A “body region” refers to an area of the subject's body which contains at least a partial view of the subject's thoracic region (chest area) where a respiratory signal corresponding to the subject' respiratory function can be registered by a video imaging device. Body regions where a respiratory signal can be registered include the subject's anterior thoracic region, a side view of the thoracic region, and a back region of the dorsal body. Preferably, the body region is an area of exposed skin. Pixels are isolated in the image frames of the body region using image processing techniques such as pixel classification, object identification, thoracic region recognition, color, texture, spatial features, spectral information, pattern recognition, and a user input.

A “batch of video image frames” refers to a plurality of time-sequential image frames of the received video. In accordance with the teachings hereof, pixels associated with a body region of the subject wherein a respiratory signal is registered by the video imaging device are isolated in the image frames and the isolated pixels processed to obtain a time-series signal. Batches of image frames do not have to be the same size and may vary dynamically during processing. A size of a given batch of image frames can be pre-defined by the user depending on the application wherein the teachings hereof find their intended uses. A size of a batch of video image frames should be at least 3 breathing cycles of the subject. In one embodiment, batches of video frames are created by sliding a window of length 30 (or 15) seconds with 96.67% overlap between consecutive batches which means using only 1 second of new frames and retaining 29 seconds of frames from the previous batch. Processing a batch of video image frames generates a time-series signal on a per batch basis.

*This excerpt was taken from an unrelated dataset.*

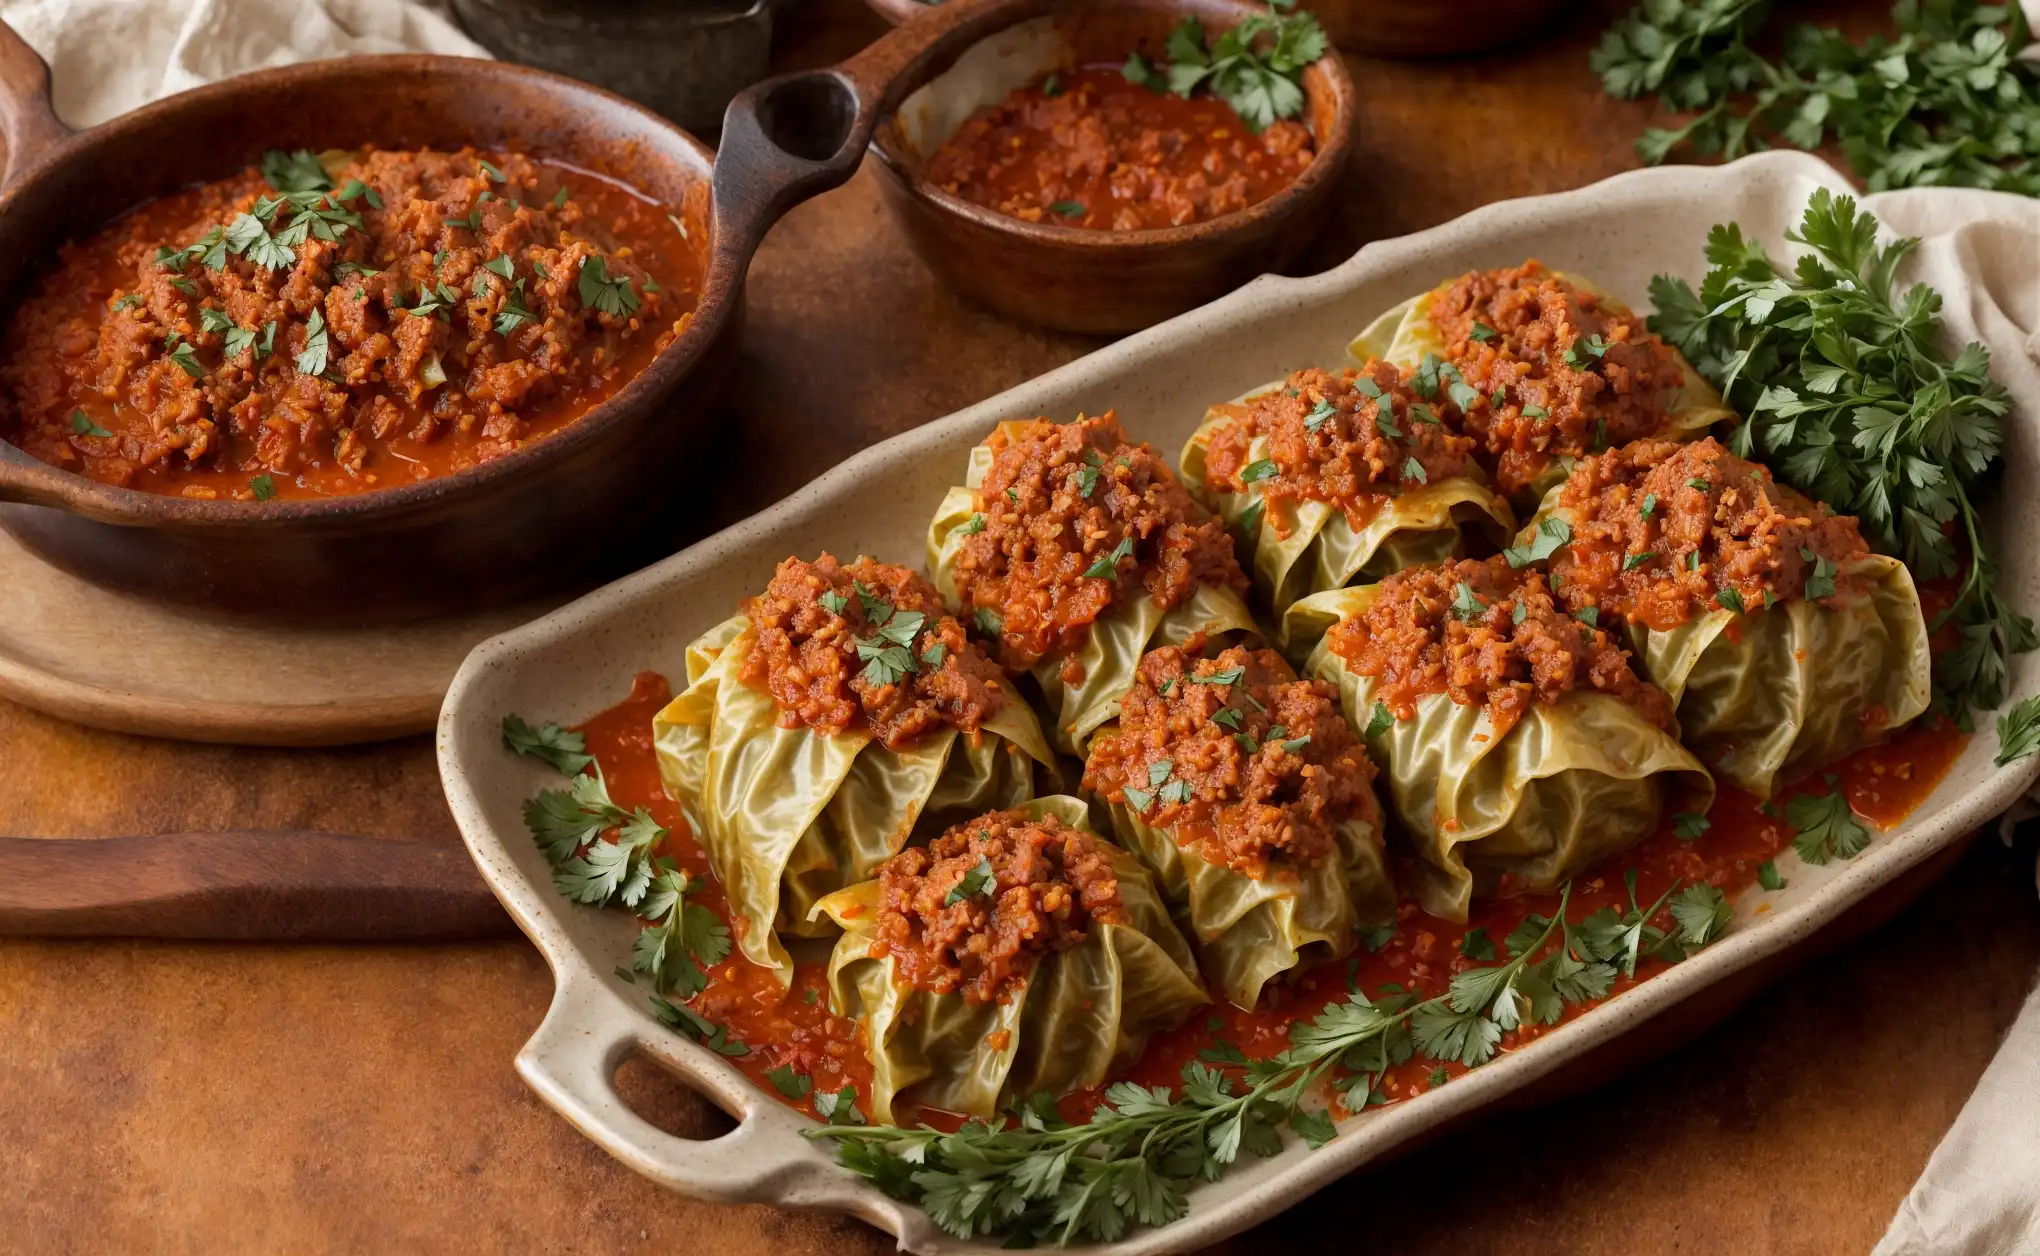 Where to Buy Stuffed Cabbage
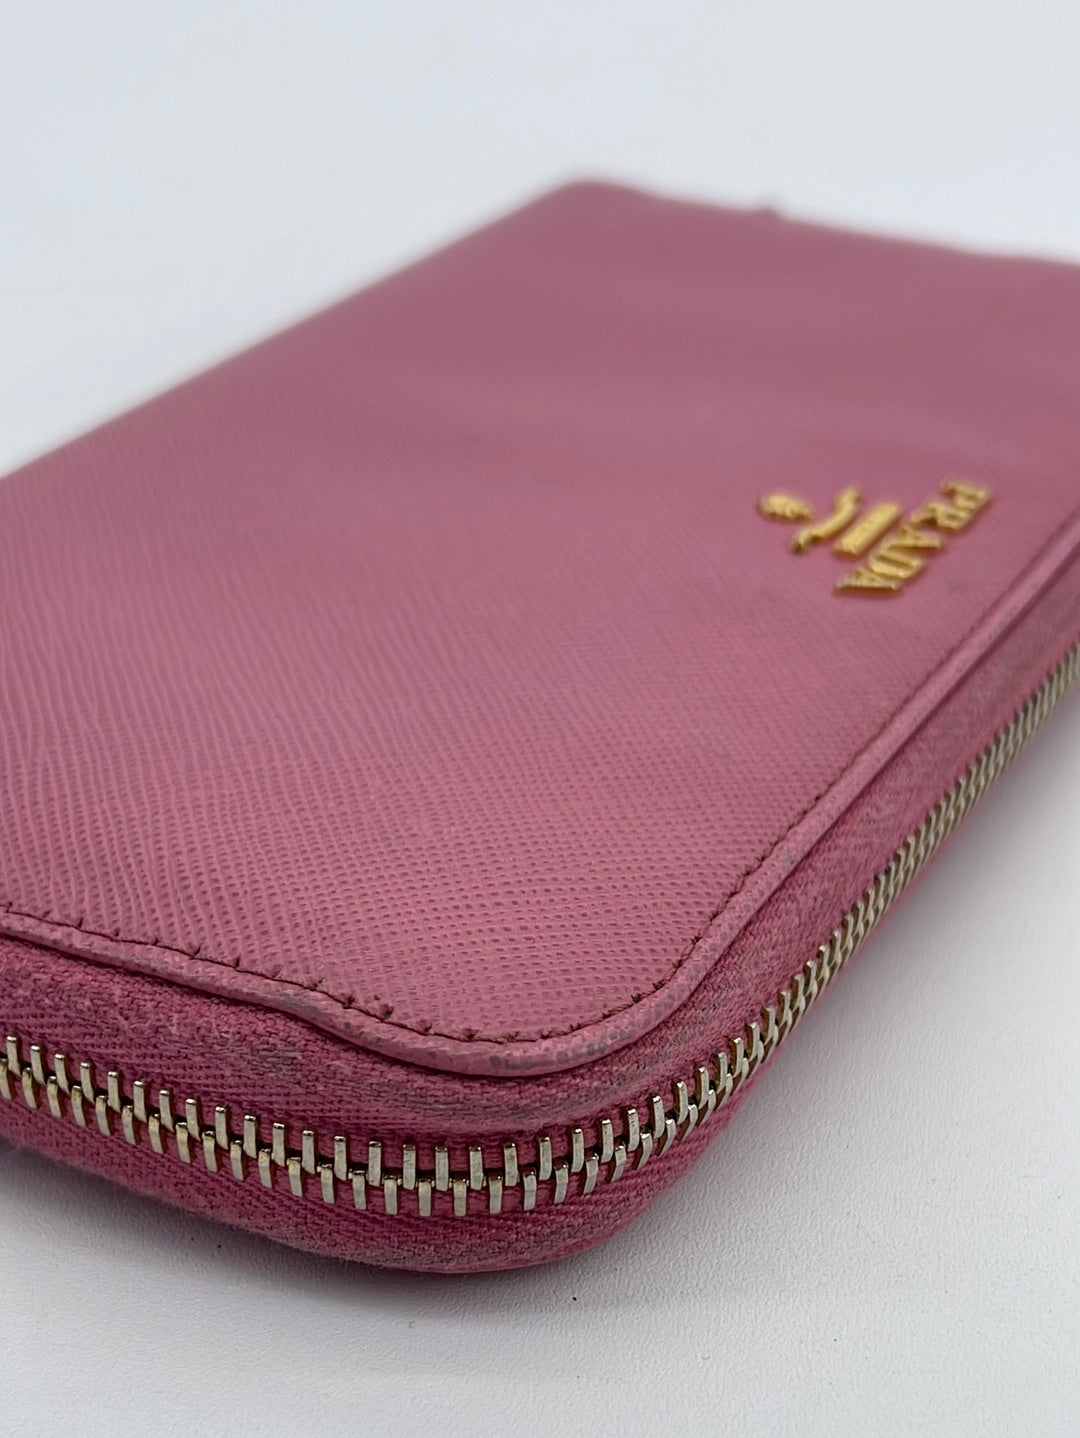 Prada Pre-owned Women's Leather Wallet - Pink - One Size

A “time-series signal” is a signal extracted from a batch of video image frames. The time-series signal contains frequency components related to the motion of the chest cage due to respiration. A respiration signal can be extracted from the time-series signal. A time series signal is generated by processing pixels in respective batches of video image frames in one or more areas of the subject's chest region. One such method, for example, averages pixel values within an isolated areas across a plurality of image frames. An average is computed of all pixels in each of the isolated areas within each image frame to obtain a channel average per frame. A global channel average is computed, for each channel, by adding the channel averages across multiple frames and dividing by the total number of frames. The channel average is subtracted from the global channel average and the result is divided by a global channel standard deviation to obtain a zero-mean unit variance time-series signal for that video segment. The time-series signal contains frequency components. The time-series signals may be normalized and are then subjected to a pre-filtering to remove undesirable frequencies. Various time-series signal segments can be weighted, as desired. Such a weighting may be applied over one or more segments while other signal segments are not weighted. Methods for weighting signal segments are widely understood in the signal processing arts. It should be appreciated that the time-series signal may be received or retrieved from a remote device such as a computer workstation over a wired or wireless network with the captured video having been communicated directly to the remote device for generation of the time-series signal on a continuous basis. Time-series signals extracted from the video are processed to extract a respiratory signal.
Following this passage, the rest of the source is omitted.